Reclaiming heritage
VALUING heritage takes more than a day or a month. Slowly but steadily, Cebu is reclaiming its own. Last May 18 was International Museum Day. In the country, May is considered as National Heritage Month.
According to the International Council of Museums (Icom), which started International Museum Day in 1977, this year’s theme is “Museums (memory + creativity) = social change.”
The theme reiterates the role of museums in preserving the legacy of the past and using creativity in making history, pride of place and identity as the bedrock of societal innovations and development.
Cebu demonstrates the synergy of many stakeholders to resuscitate awareness of who we were as a way of anchoring our vision and plans of who we want to become.
Leaps
From three participating museums and a heritage site in 2007 to 33 destinations this May 31, the “Gabii sa Kabilin” proves how museums tapping memory and creativity can bring about social change.
As reported by Sun.Star Cebu’s Bernadette A. Parco last May 8, the “Gabii sa Kabilin” was initiated by the Ramon Aboitiz Foundation Inc. (Rafi) to draw residents and tourists to visit the Casa Gorordo, Cathedral Museum of Cebu, the Basilica del Sto. Niño Museum, and the Fort San Pedro from 6 p.m. to midnight.

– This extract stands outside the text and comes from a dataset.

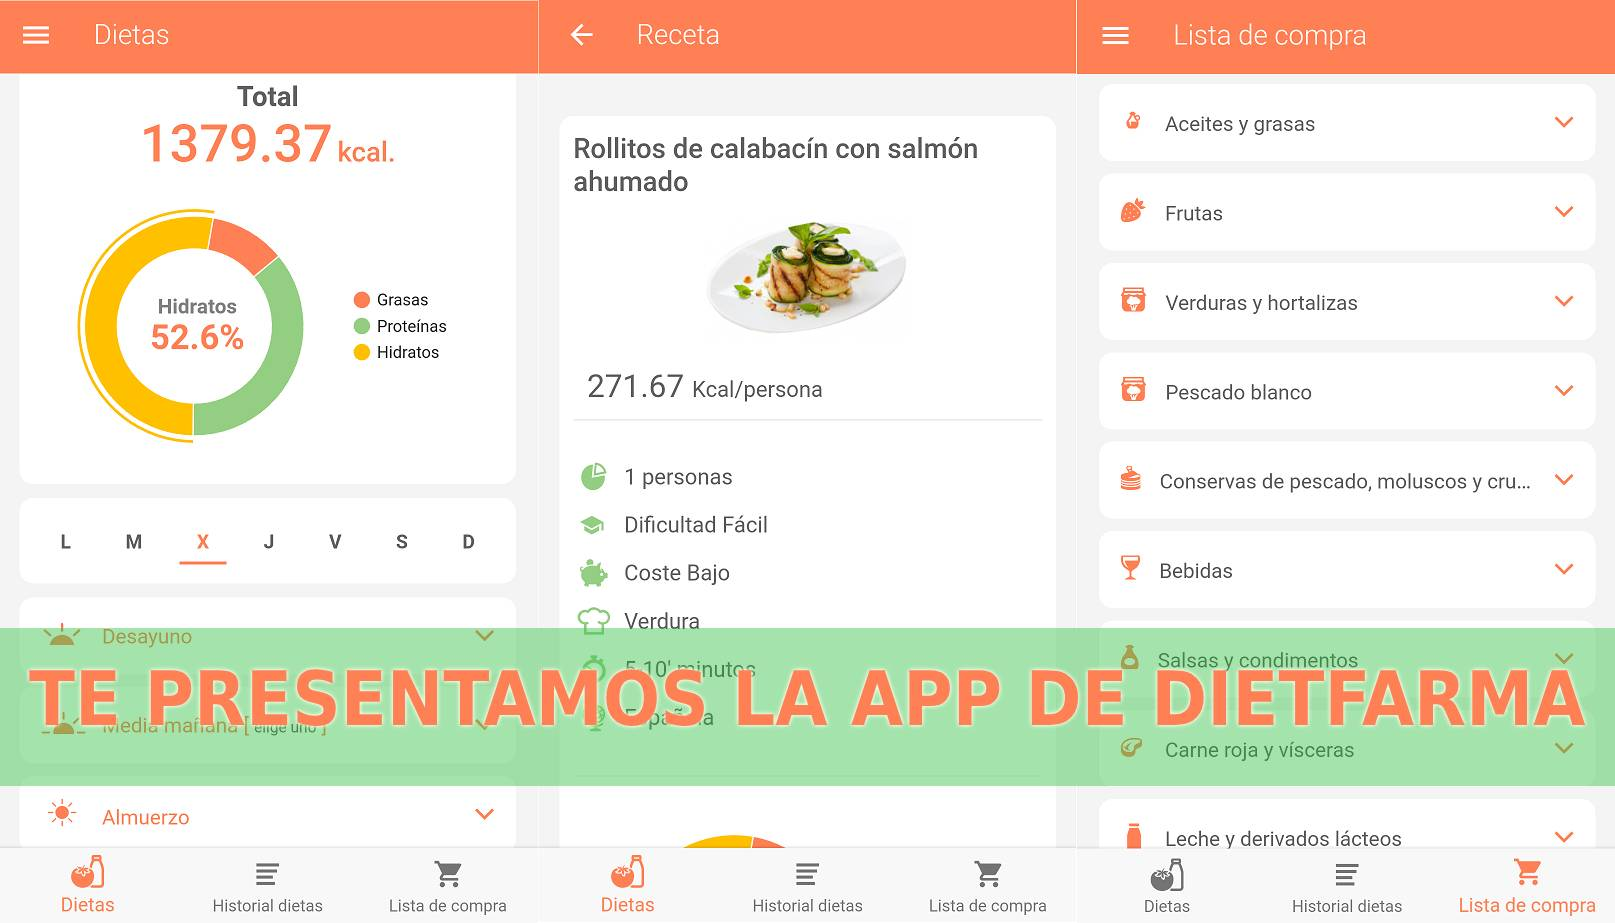 app dietfarma

This year, more than 7,000 visitors are expected to take part in what has become the annual night heritage tour in Metro Cebu, regarded by the National Commission on Culture and the Arts (NCCA) as “the first, and so far, the only one of its kind in the country.”
In 2012, the Cebu City Sangguniang Panlungsod passed City Ordinance No. 2327, which declares the last Friday of May as “Gabii sa Kabilin (Night of Heritage)”.
This year’s “Gabii sa Kabilin” will serve as a portal to history and culture in 33 museums and heritage sites in the cities of Cebu, Mandaue, Lapu-Lapu and Talisay.
Sun.Star Cebu also reported the NCCA’s recognition of Cebu as one of the first provinces instituting cultural mapping. Also known as cultural resource mapping or cultural landscape mapping, cultural mapping is a “systematic approach to identifying, recording and classifying a community’s cultural resources,” according to mappingauthenticity.com.
Undertaken by Cebu City academic institutions, non-government organizations and local government units, cultural mapping is crucial for making an inventory of communal heritage, both the tangible and intangible aspects, as well as the strengths needing preservation and the challenges that must be addressed.
The NCCA is also undertaking with the Visayas Association of Museums and Galleries Inc. (Vamgi) a basic museology and curation workshop on May 29-30.
Obstacles
Beyond the immediate relevance of May for promoting heritage, Cebu stakeholders must look beyond and prepare to address issues, particularly those that pit modernization against cultural preservation.
Communities and their leaders must respond appropriately to cultural tourism. As pointed out by Icom in icom.musuem, “tourism can widely contribute to the wealth of a country… unfortunately, it can also endanger (its cultural heritage), specially in the more vulnerable regions.”
The illicit traffic in goods—ranking third, after drugs and arms trafficking, in criminal activities worldwide—drives the pillaging and destruction of cultural artifacts in the country’s churches, heritage sites and other vulnerable areas. Aside from trainings for priests, caretakers, government officials and law enforcers on heritage safeguarding and security, ethics must also be applied by museums and private collectors in the acquisition and transfer of collections, as set down in The Icom Ethics Code for Museums.
The most fragile aspect of heritage is intangible. These traditions transmitted from generation to generation are threatened by any of the scourges of modernization: the daily demands of survival, disruption of communities, and apathy and neglect. Community support for a local historian or a local craft has a value that lies beyond tourism or enterprise: preserving and promoting these intangible legacies keeps a people connected to history, identity, and evolution.